Dataset content
☆ ☆ ☆

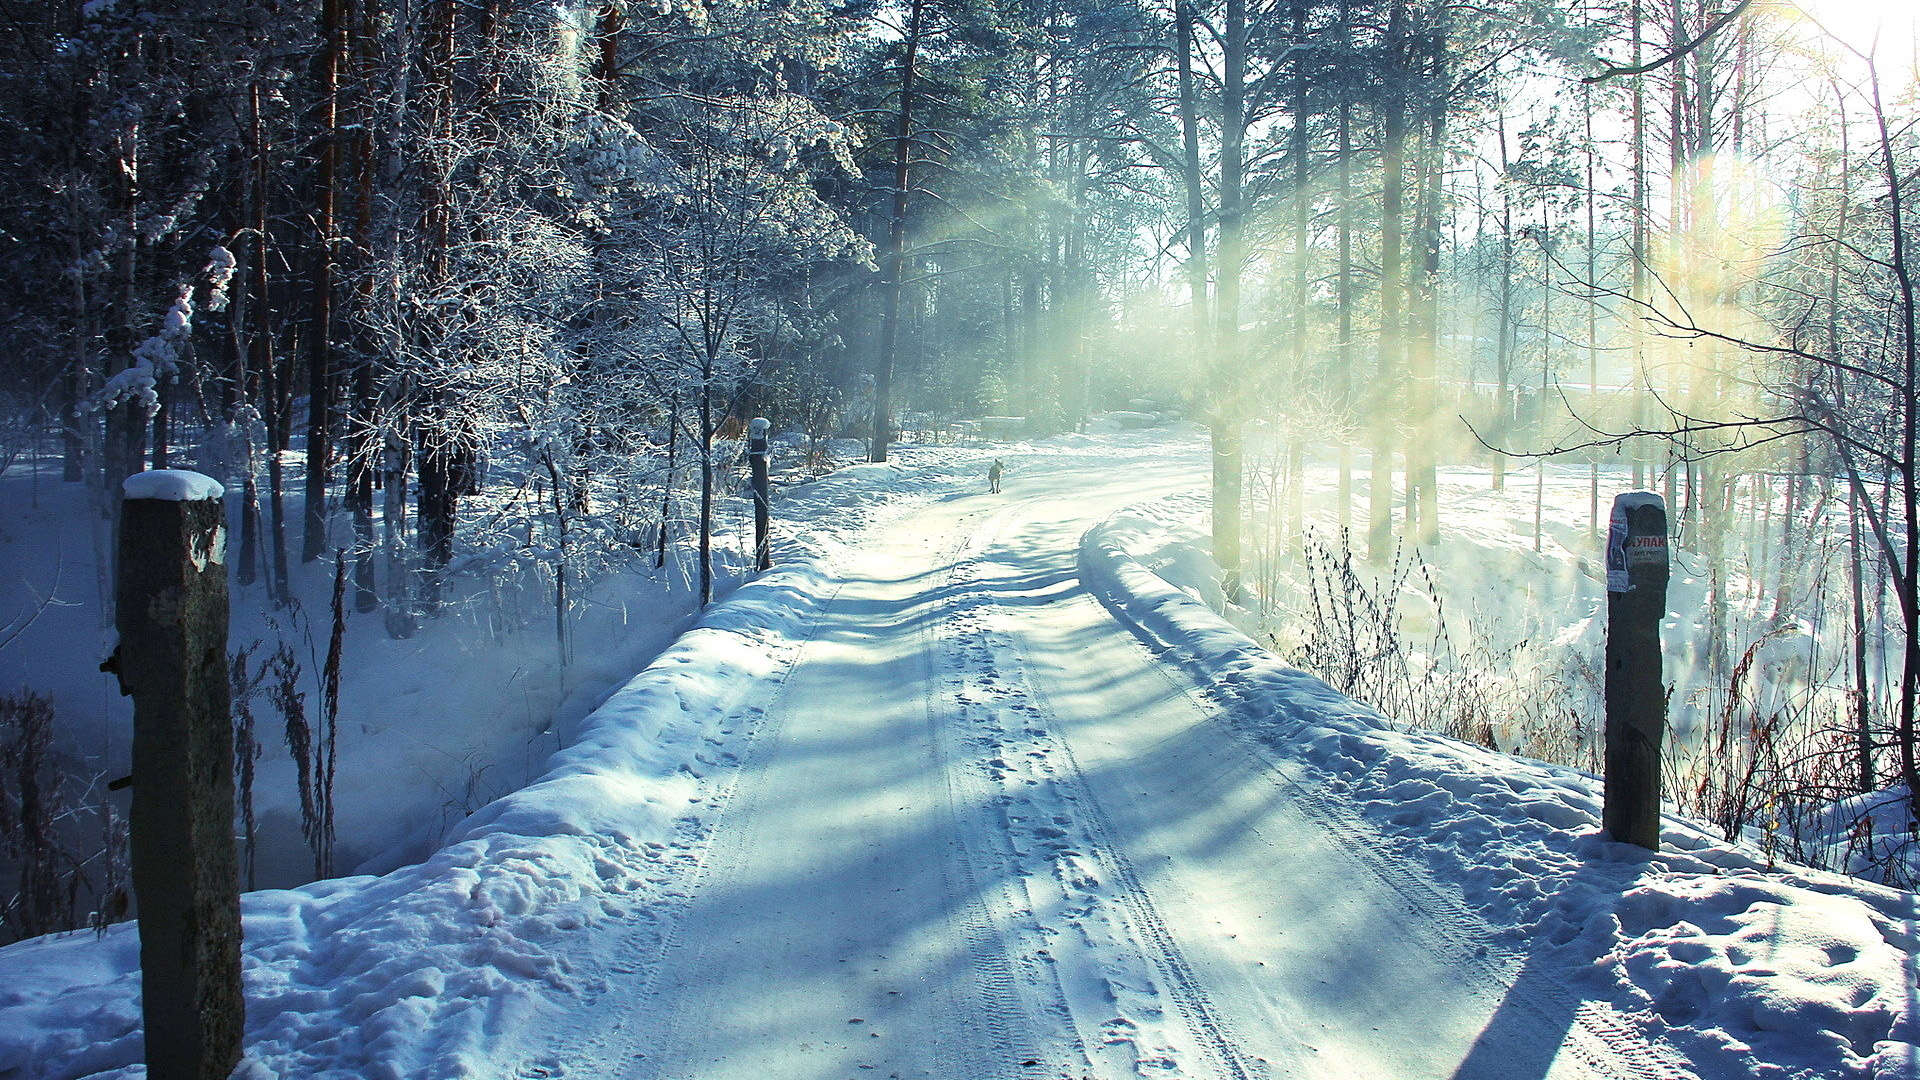 白雪覆盖的林间小路 冬天雪景桌面壁纸
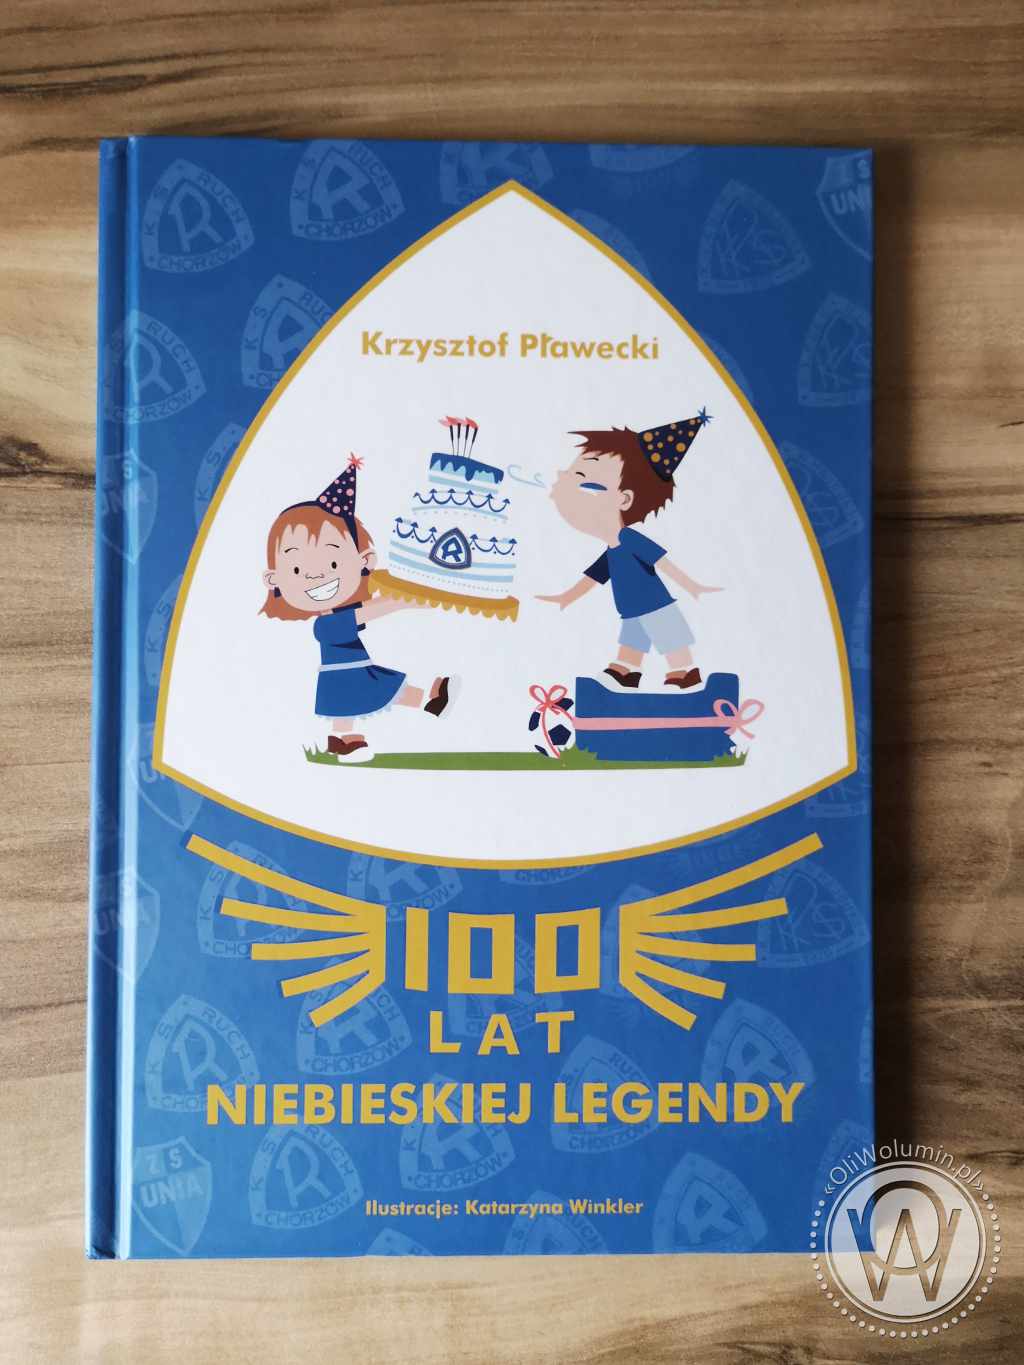 "100 lat Niebieskiej Legendy" Krzysztof Pławecki
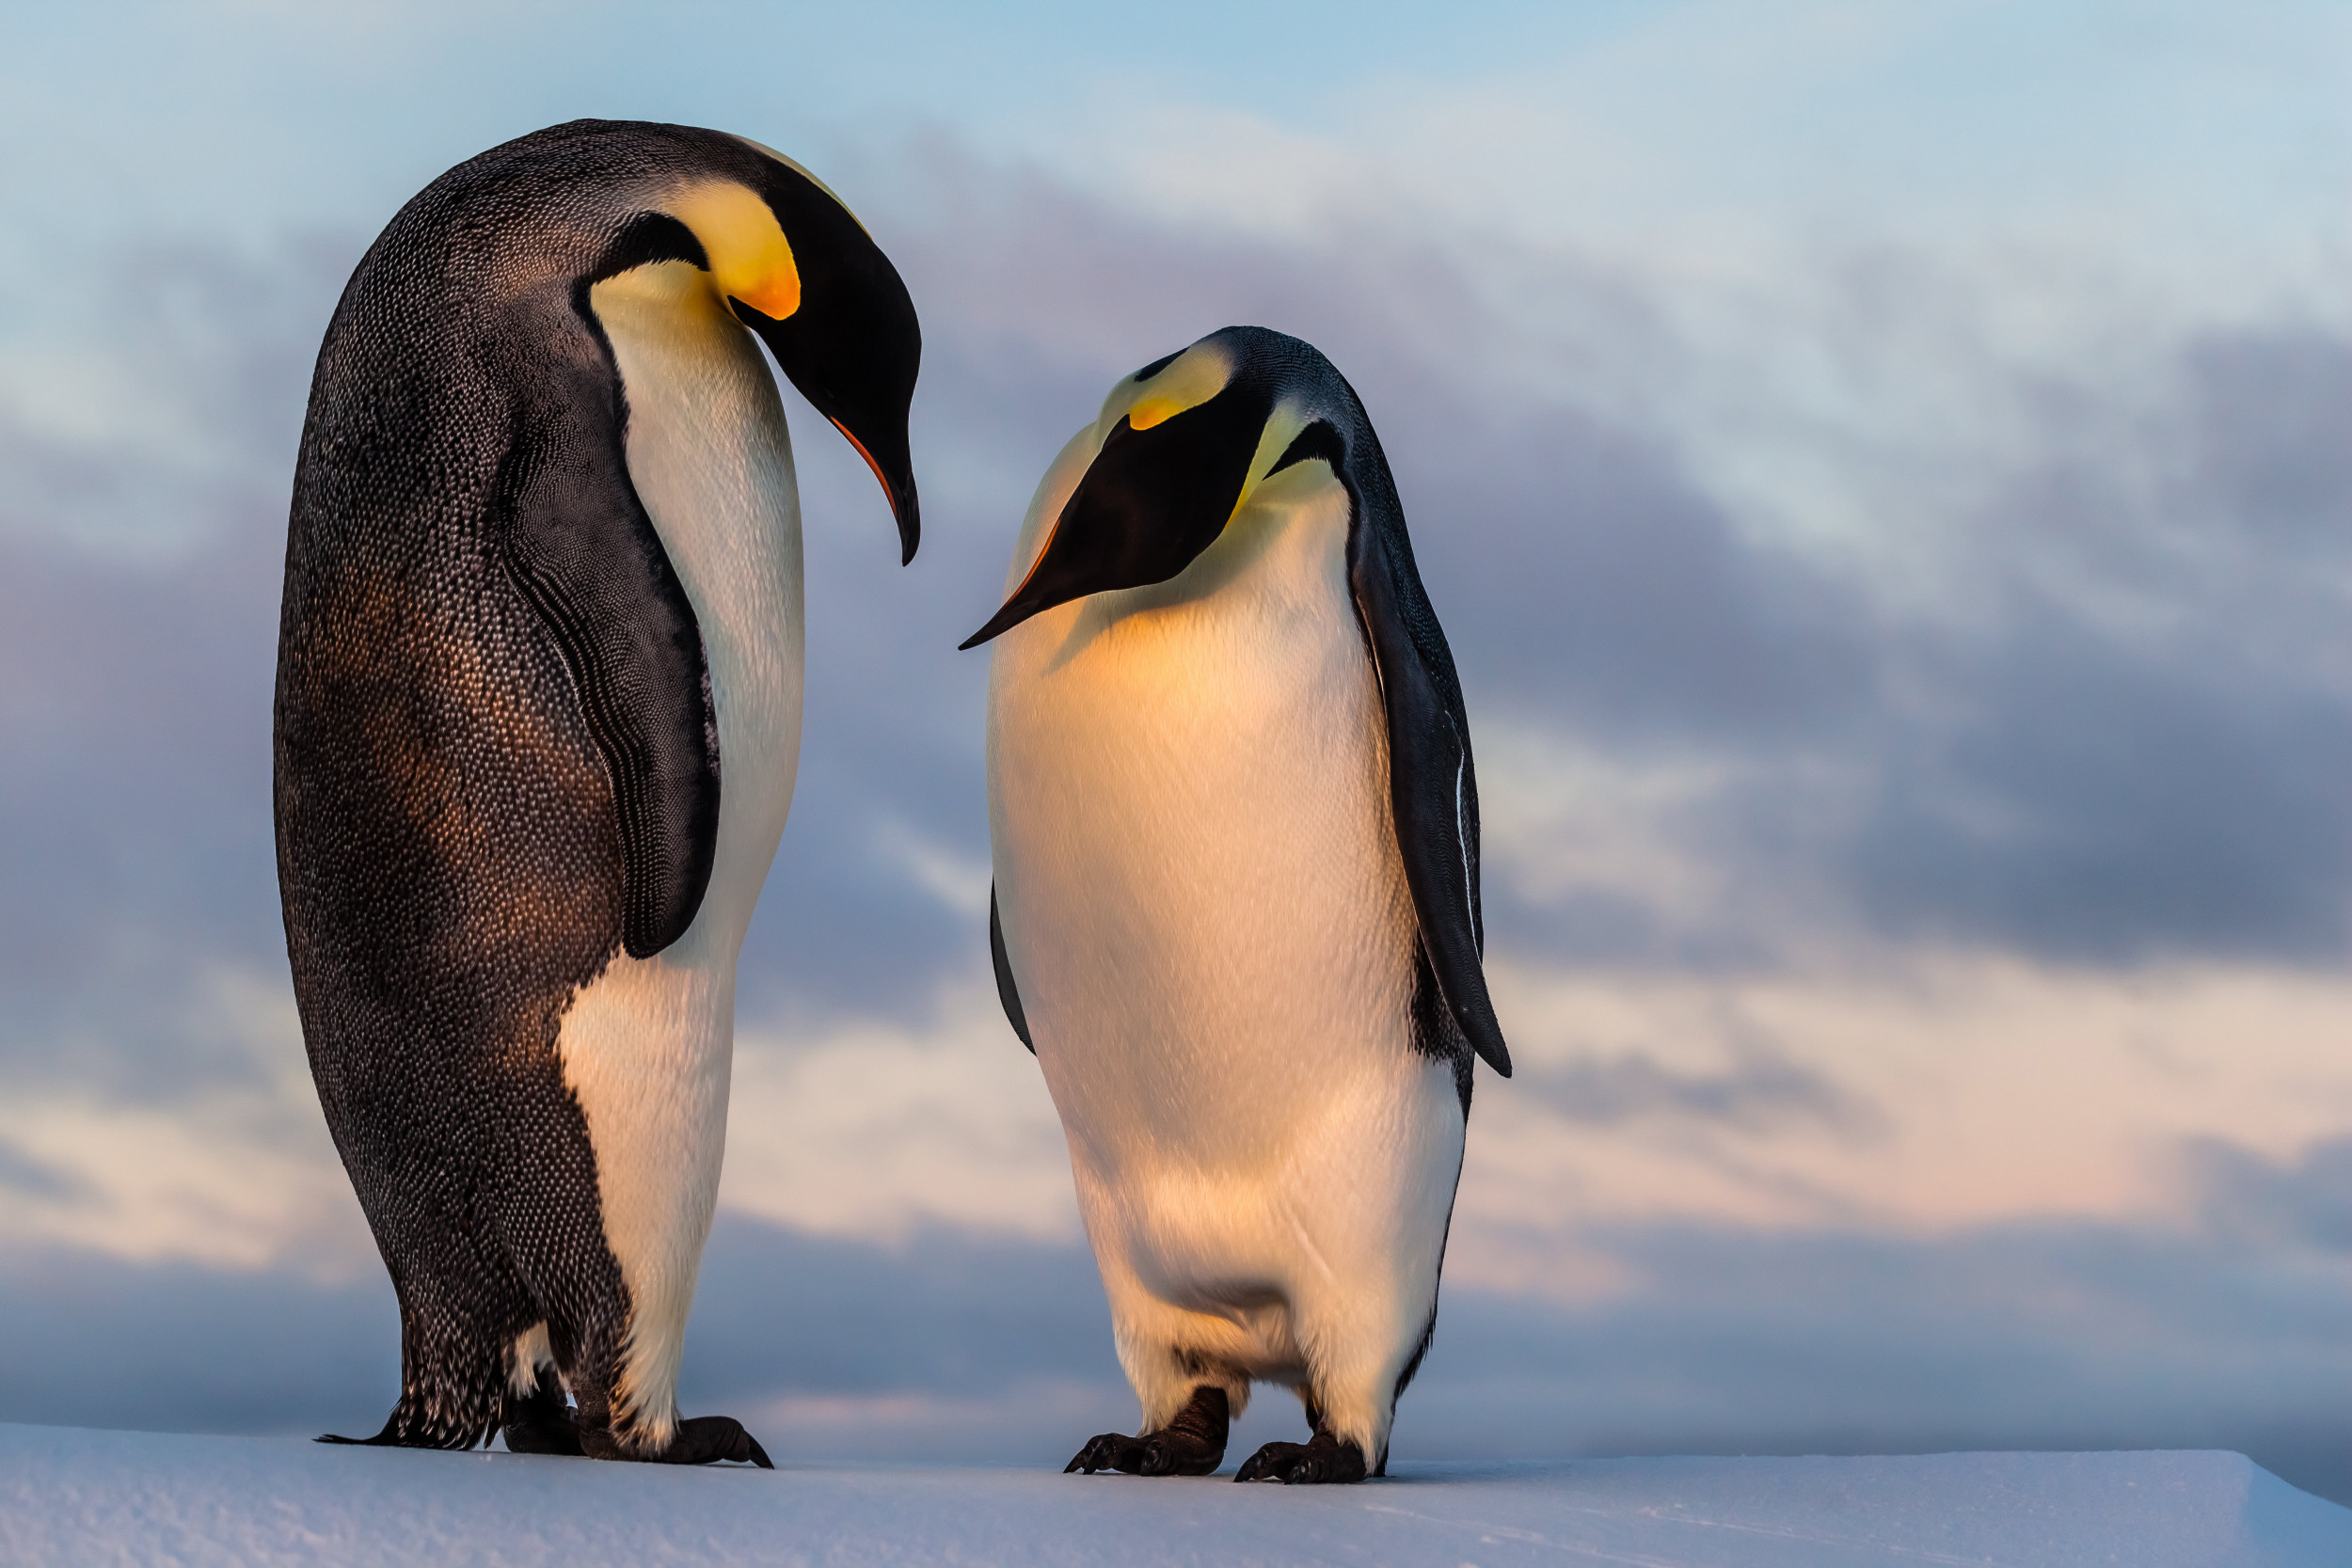 Chim cánh cụt đang nghiêng đầu nhìn nhau

☆ ☆ ☆

Brief
Leave out the pictures and give the listing above again exactly.

Task output
 白雪覆盖的林间小路 冬天雪景桌面壁纸
 "100 lat Niebieskiej Legendy" Krzysztof Pławecki
 Chim cánh cụt đang nghiêng đầu nhìn nhau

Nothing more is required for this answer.